I’m also taking Excel 2007, next month will be quick books (?) and another round of accounting and Excel and I won’t even mention October and the rest of my life…Now that I have complained about a good thing I will trudge on.
I will still be posting (gotta have some funs), however my visiting of your places may be a little less than normal. I’ll try to come over when I can and if my brain allows I’ll leave love notes or kicks in the pants; whichever is necessary. Okay fine so maybe a hug.
Numbers and figuring is making me a little OCD. I drive the car and try and figure out how many miles to a gallon and was the money I gave to Jon (a lady friend-really) enough to cover it? Baby girl has started back to school and there went my schedule. Now I’m trying to figure out timing, take her there, what can I get done before I need to pick her up, what’s for supper, where’s my pencil, did I do that…

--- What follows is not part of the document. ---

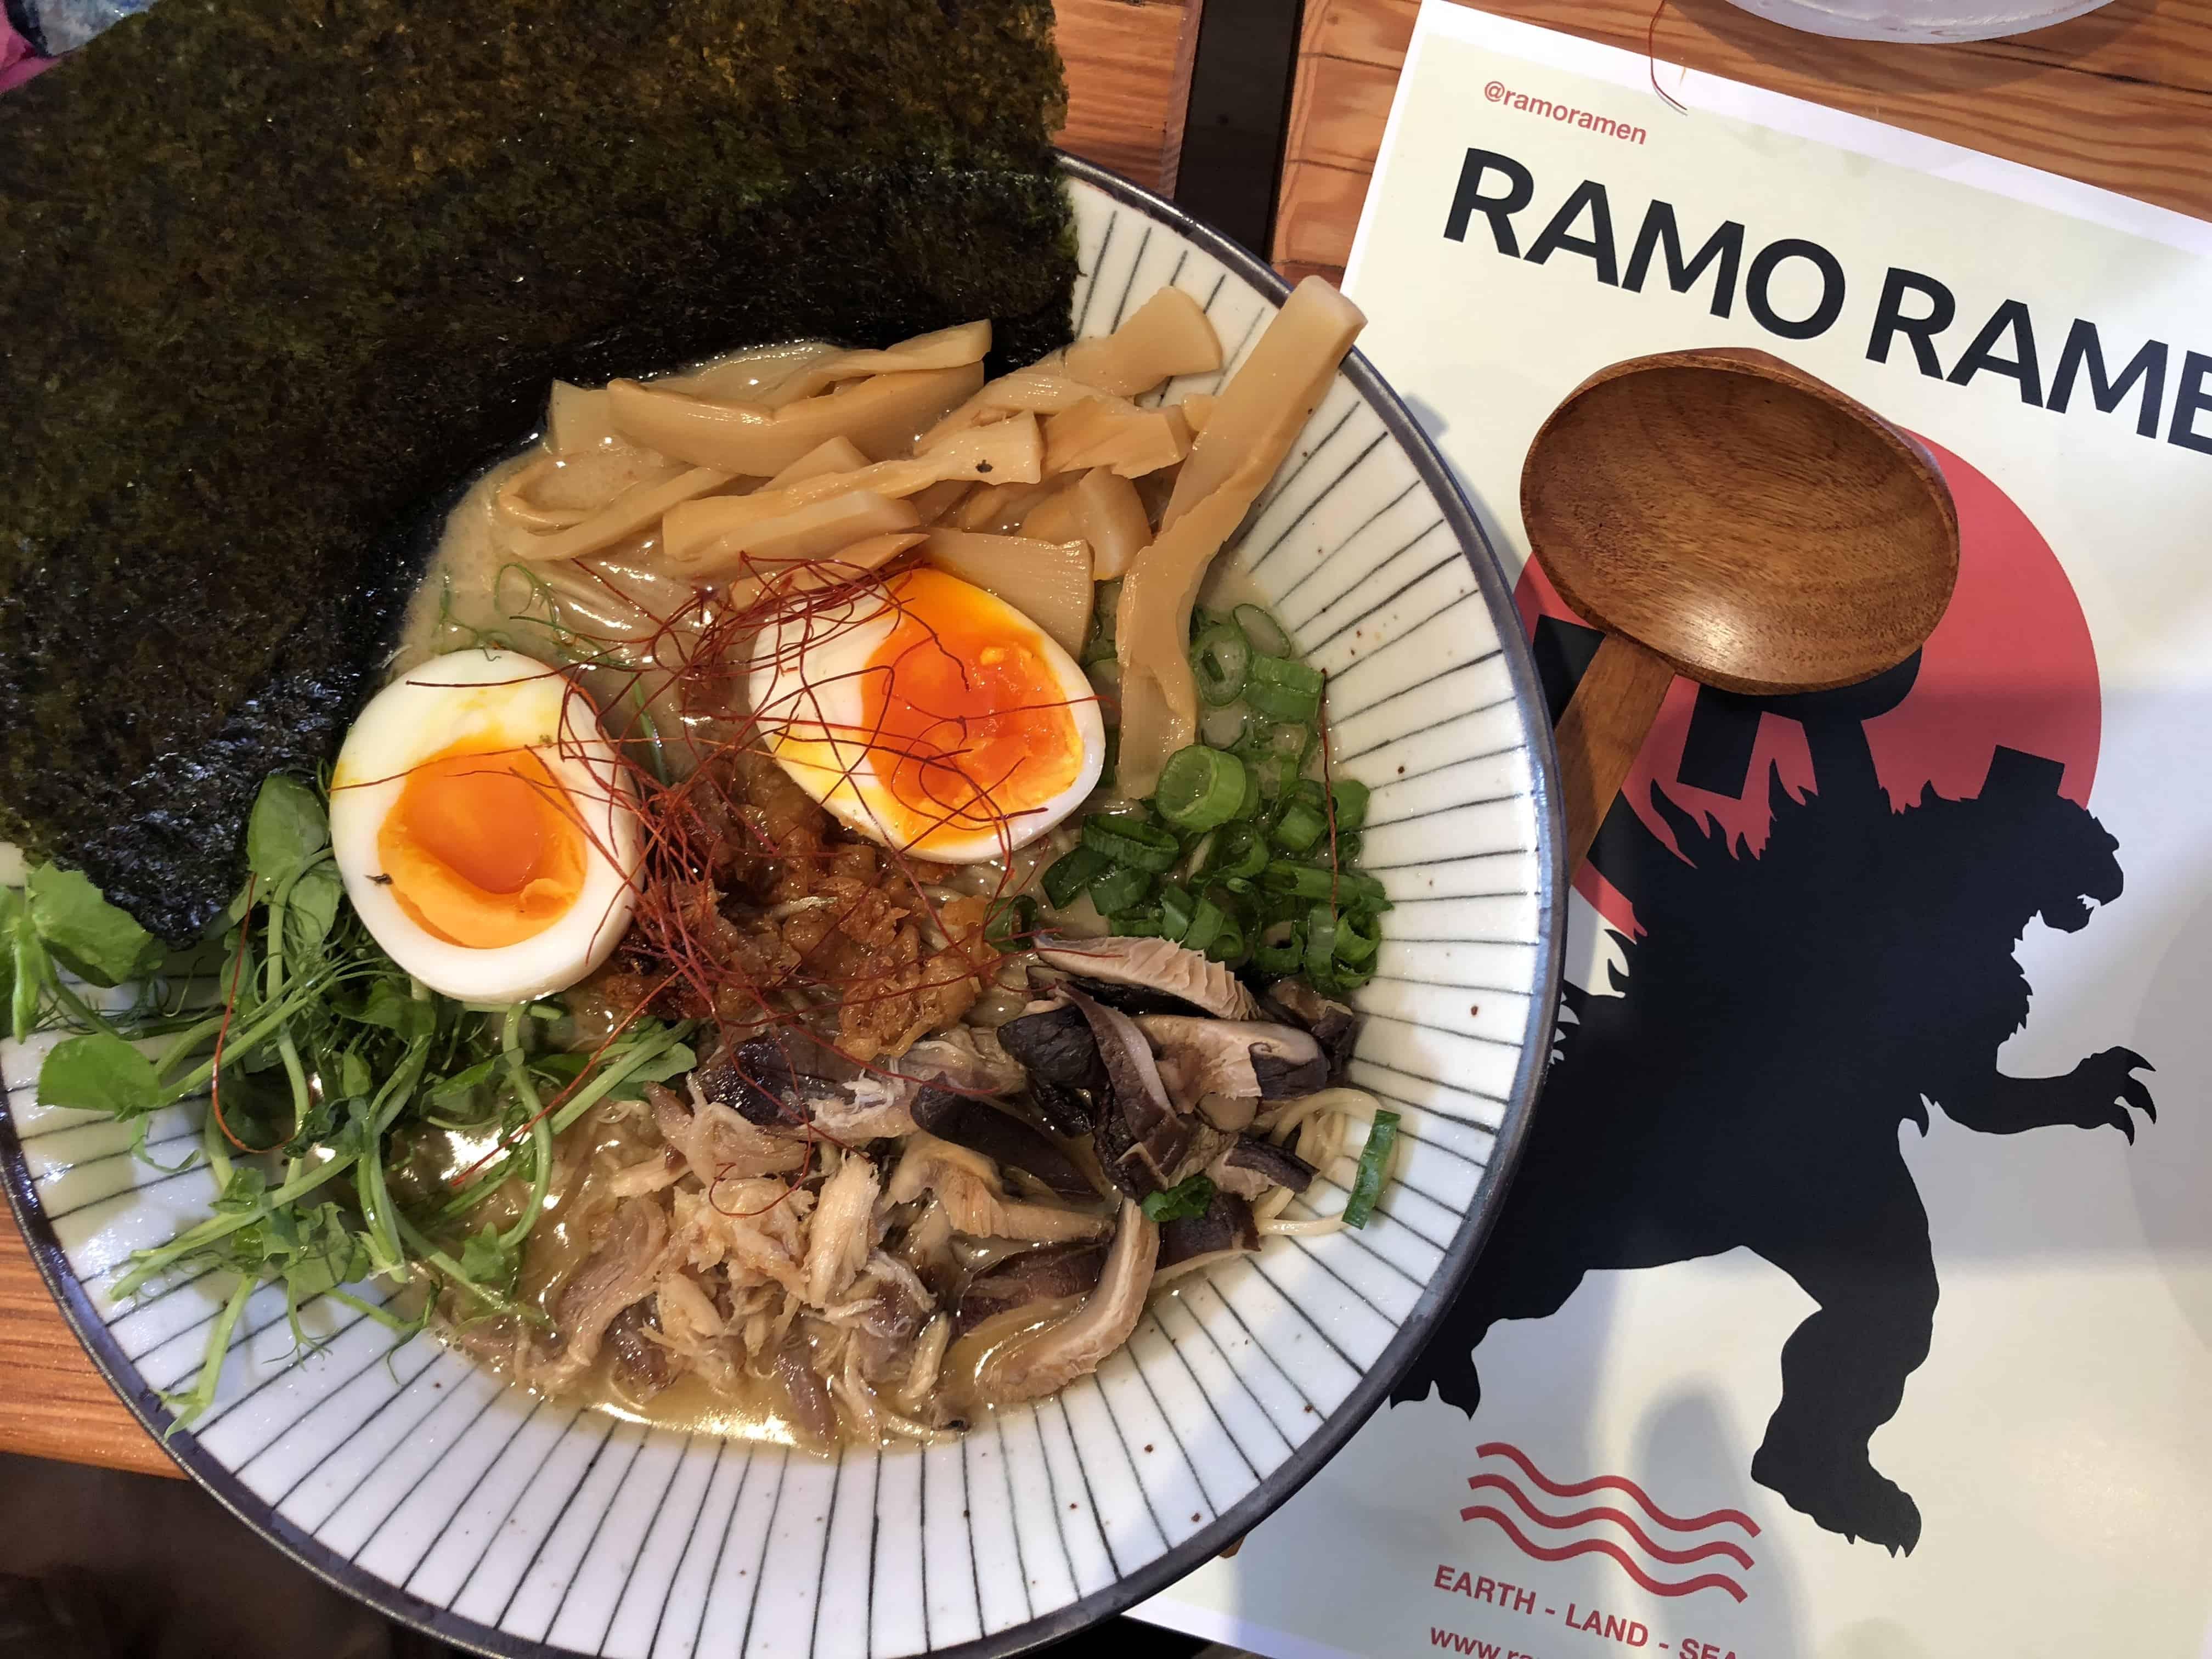 Ramo Ramen - Halal Girl About Town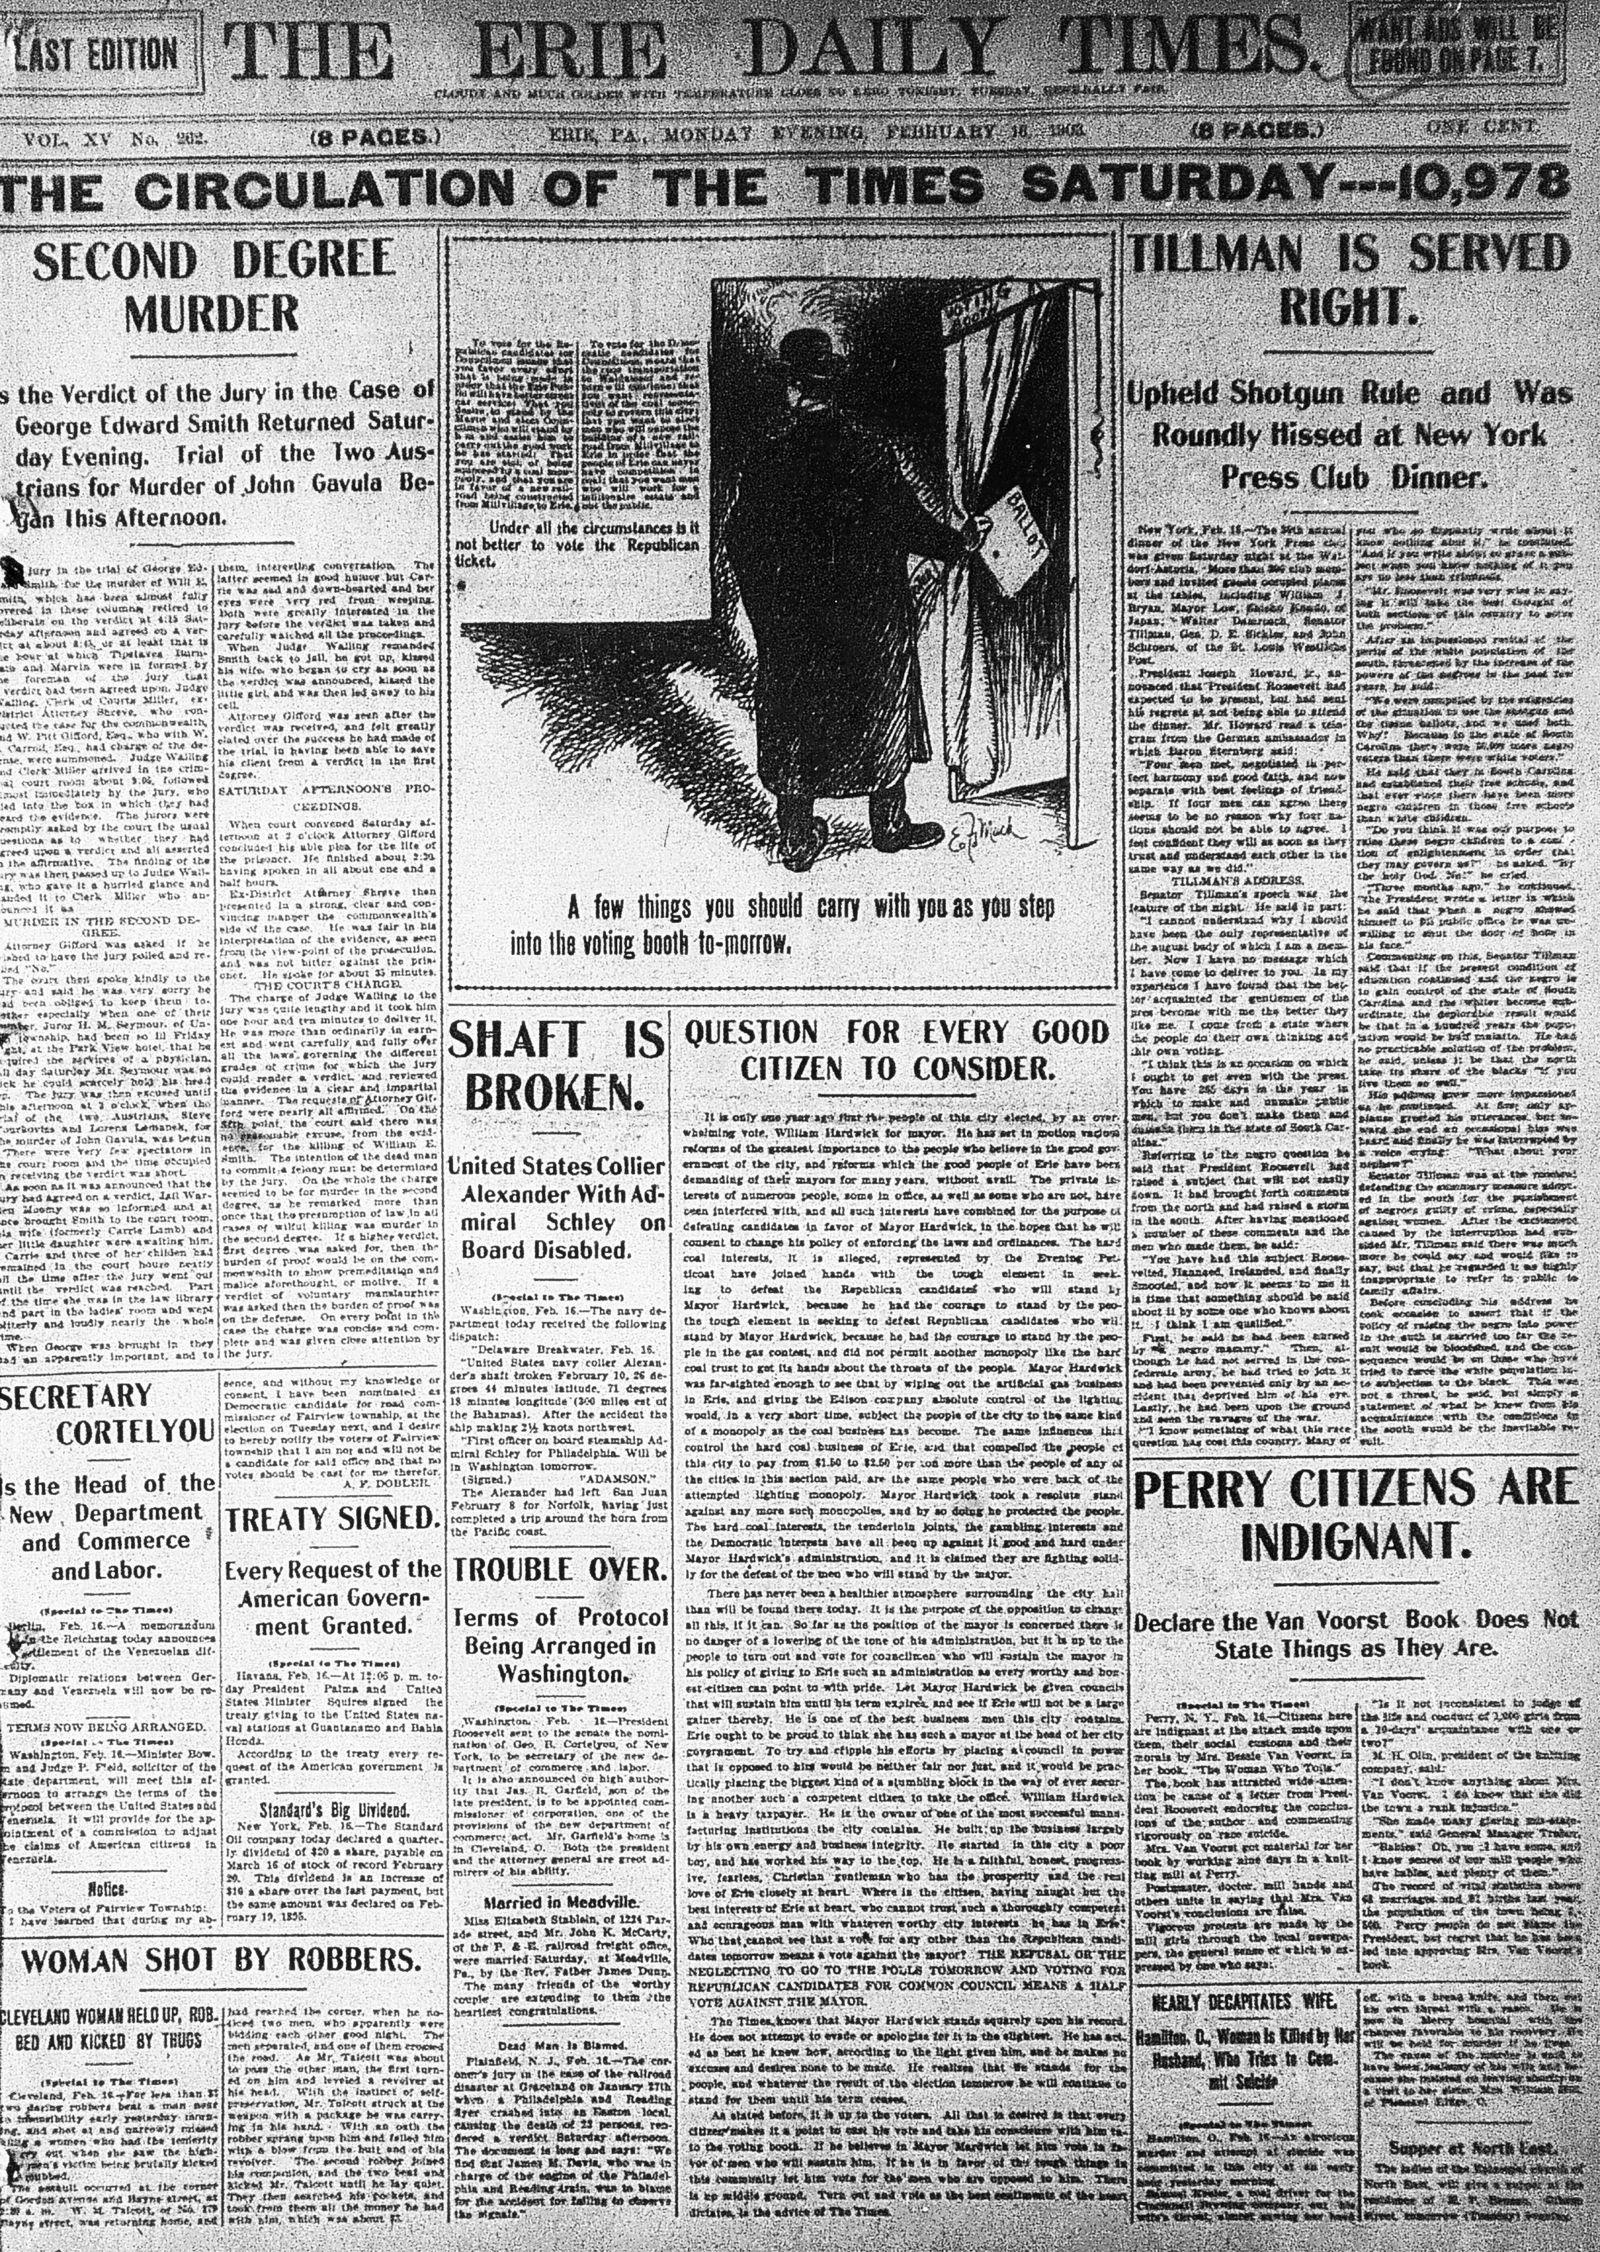 Feb. 15, 1903 Newspaper cover, edwards, The verdict

Okay, calm down, it will be alright. It will be whatever it will be and I’ll cope with it. Isn’t that what I always say, well maybe not quite like that, but sorta?
One step at a time, one hurdle, another step, another hurdle and still I weigh too much! Well after all weight, like sex, is involved with everything. Right? Crunch, crunch, crunch! Oh sorry that was the sound of-- no not exercise silly, but eating. Do I have y’all convinced at how busy I am? Well I am, so off I go, a lesson is waiting for me to learn it and so on and so forth.
And how are you doing? Yes, of course I still expect you to comment here---like duh!